| HN Mirror

Y	Hacker News new \| ask \| show \| jobs

by Zhyl 2739 days ago

Many of my issues will be specific to the environment. The thing that made me use the first perl one-liners is because I was used to using 'rename' in the command line and I was able to emulate this with perl more easily (using a regex substitution) than 'mv'.

The second and more pivotal one liner was when I needed to create a primary key to ensure I wasn't getting any dupes later down the pipeline (a requirement that came about as some of the other contractors on the project were messing with my exports and then blaming my files for their conflicting numbers). My first approach was to use the MD5 tool included in GIT bash, but this was prohibitively slow, taking 45 mins to loop through each line of a 4mb file. Not sure if there was a performance penalty on the box I was using, but the perl one liner did the job in a couple of seconds for all the files I had.

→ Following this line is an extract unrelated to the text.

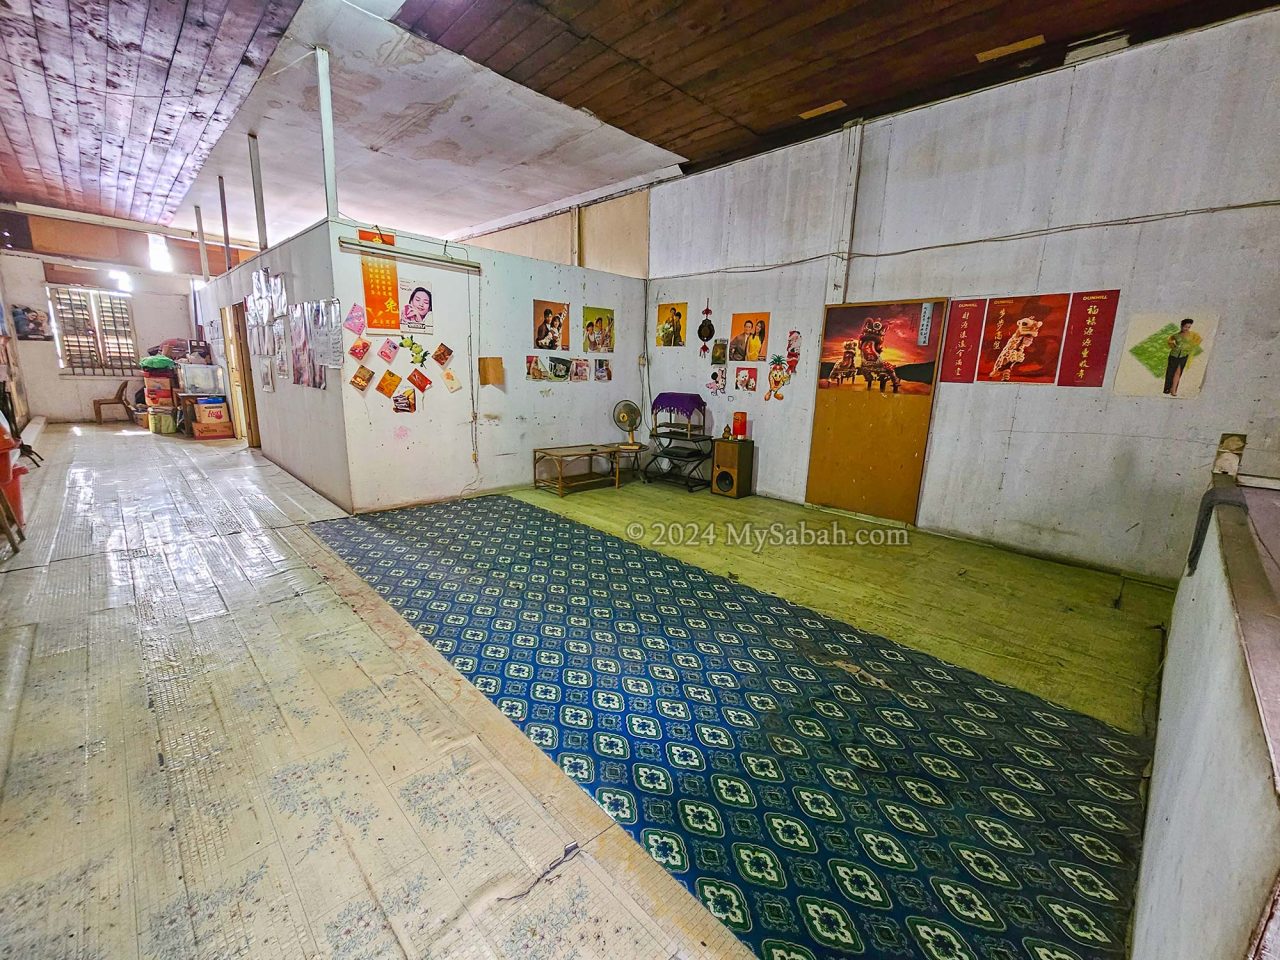 The upper floor of a pre-WWII shophouse in Membakut

After that it mostly became a question of maintainability, with the performance being a boosting factor. I found my perl deduping one liner was faster than either 'sort -u' or 'sort | uniq'. I was able to add new features and account for weird issues more easily. Regex was better than sed, syntax was more flexible than awk, there were more filtering options than grep.

Plus it was good fun. Perl has so many things that just feel so nice and tidy compared to bash.

Having said that, I still use Unix pipelines extensively, they just tend to be for ad hoc queries rather than for my automated reports.

1 comments

gronne 2739 days ago

All right - thanks for the elaboration. The perfomance diff sounds interesting. I might check it out at some point :)

link